The data from Gartner highlights a few interesting observations:
- From 2011 – 2013, Augmented Reality has trailed Cloud Computing’s position on the Hype Cycle by approximately a year
- Cloud Computing stayed near or at the top of Peak of Inflated Expectations for 2 years vs. AR’s slower buildup to the Peak and quick entrance into the Trough
With AR & Cloud Computing having similar trajectories on the Hype Cycle (after their Peak position), why has AR struggled to attract capital investment to date? Here are a few thoughts:
- Augmented Reality startups are early stage companies in an early stage industry. AR isn’t the same early stage industry it was 5 years ago. AR technology has matured, the AR ecosystem has evolved with an increasing number of startups and platforms, and AR companies are focusing on industry specific problems. Education, retail, automotive, and medical are just a few of the industries ripe for disruption through use of Augmented Reality technology.
- Augmented Reality is a gimmick. Initially, most AR technology was used for pure promotional purposes by brands creating a perception that AR is a technology searching to solve a problem that doesn’t yet exist. However, like other emerging technologies, AR has become focused and data has followed. eMarketer released a recent study on Mobile Shopping tools where 53% of respondents said that Augmented reality was very helpful when shopping for consumer packaged goods. Augmented Reality was also the top rated tool ahead of mobile payments, text alerts, and other mobile specific tools.
- Augmented Technology isn’t ‘ready’ yet. AR has been a technology dependent on hardware advancements. 1st generation hardware was limited and could only power basic AR experiences. 2nd generation hardware such as Kinect 2, Google Glass, and advanced mobile devices are now in the hands of developers and entering the market. As a result, we will likely see more utility-based advancements entering the maturing AR space.
- Augmented Reality has been thought of as a ‘feature technology’ and not a platform. Augmented Reality startups are building platforms around not only AR, but also other areas such as The Natural User Interface (i.e. Gesture control and recognition using Kinect.) At Zugara, our Virtual Dressing Room technology is an example of integrating Augmented Reality with Natural User Interface technology. Thinking of Augmented Reality as only a feature technology is misguided and was akin to thinking of social media as just ‘blogs’ back in 2005. Over the years social media has developed a vast ecosystem and has evolved from the days of Myspace..

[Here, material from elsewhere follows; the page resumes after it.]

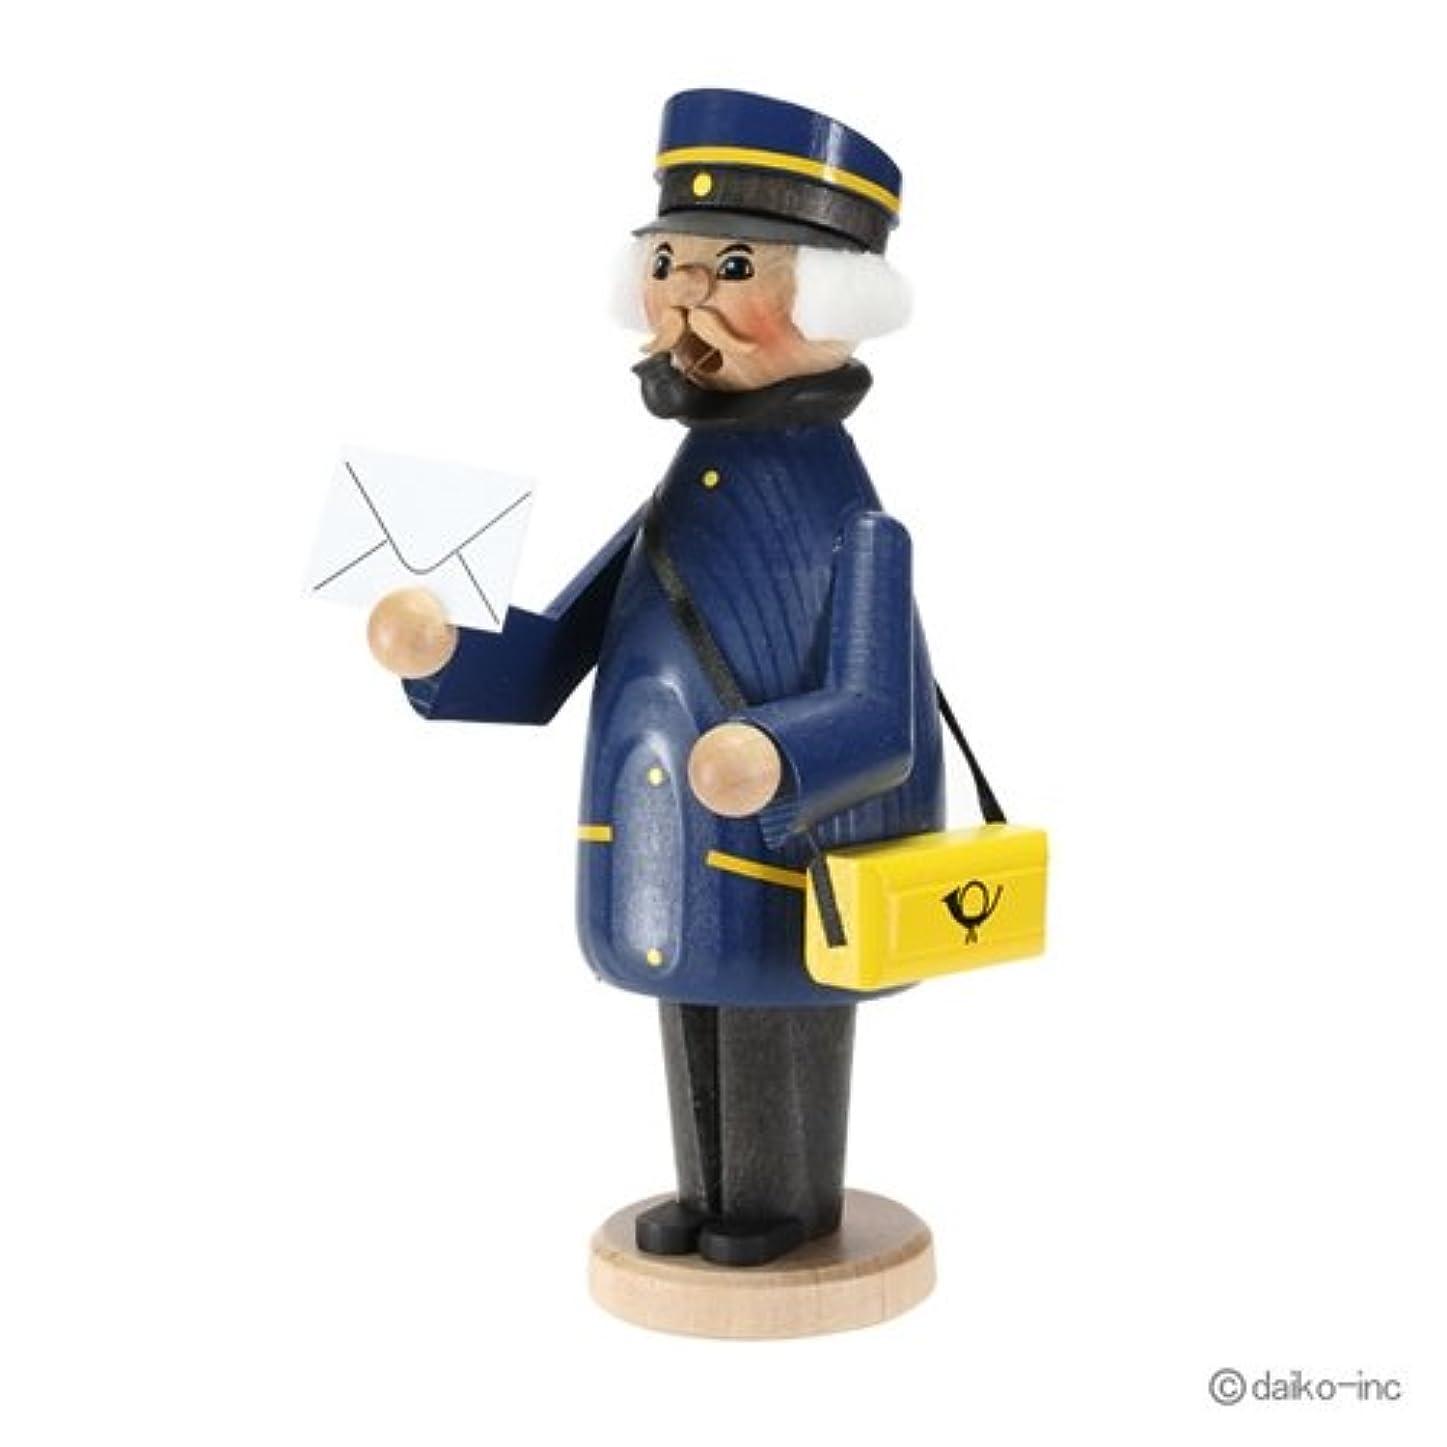 過言誓約やろうクーネルト kuhnert ミニパイプ人形香炉 郵便配達員
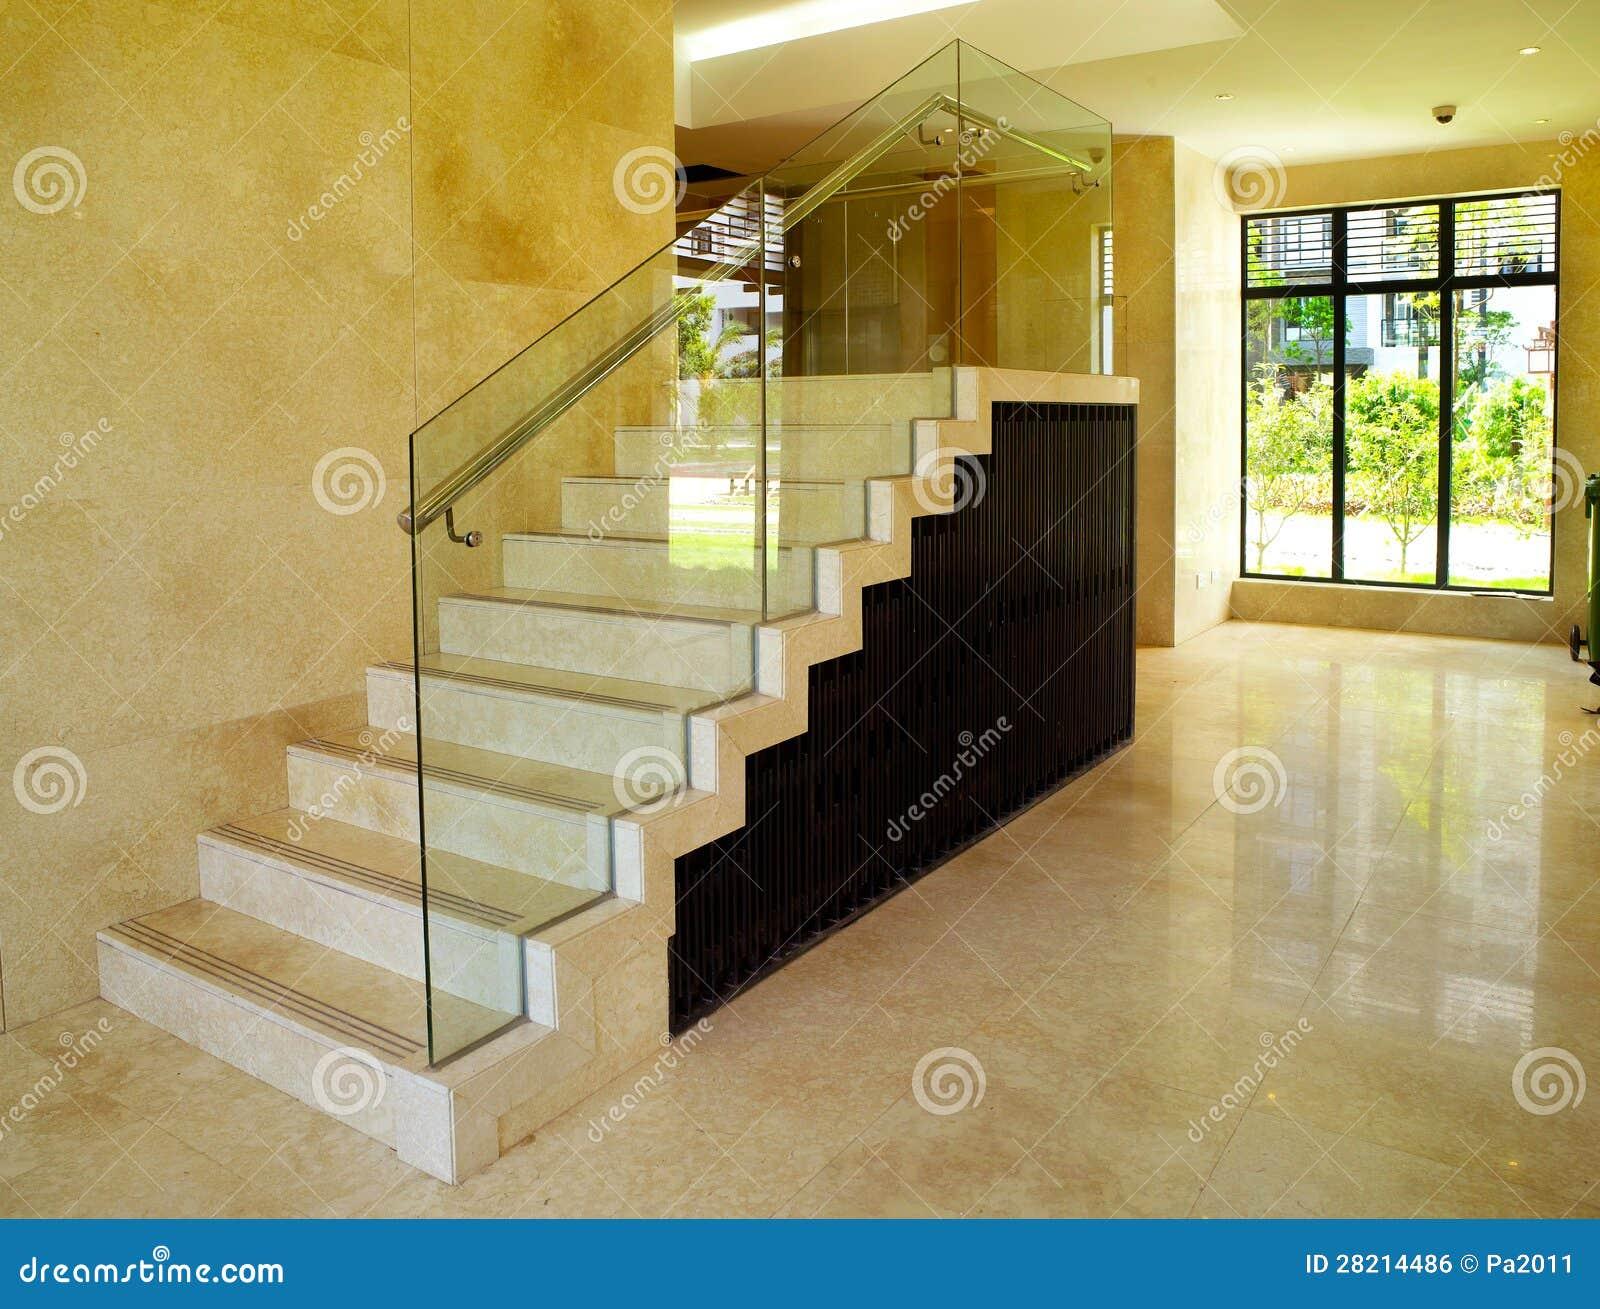 Dise o interior moderno escalera imagen de archivo libre - Escaleras diseno interior ...

- AR companies themselves are to blame for lack of investment to this point. Too many AR companies release conceptual videos depicting a future of AR that won’t be attainable in 5 years much less 15. Not only does this lead to misguided expectations from consumers and companies, but also leads investors to think future generation technology (based on these conceptual videos) is closer to reality than it actually is. This also creates a secondary problem in that it diminishes current generation software even though quite a few AR companies are having success with their current platforms and technology.
Augmented Reality has numerous parallels with the Social Media space; Early technology that had promising engagement data but lacked conversion data, a technology with a few platforms but an underdeveloped ecosystem, “social media will change the world” hype and so on. But social media has evolved along with a diverse technological ecosystem and if there’s one area that’s been critical to social media ‘value’, it’s been social media data and analytics.
Augmented Reality technology and platforms will evolve in the same way. As AR platforms continue to gain adoption, they will provide access to invaluable data. Visual data and behavioral response data are just a few forms of data that AR can provide that will be critical for next generation data analysis. The few VC’s that can see “the forest for the trees” understand how valuable this data will be and have placed their promising bets accordingly.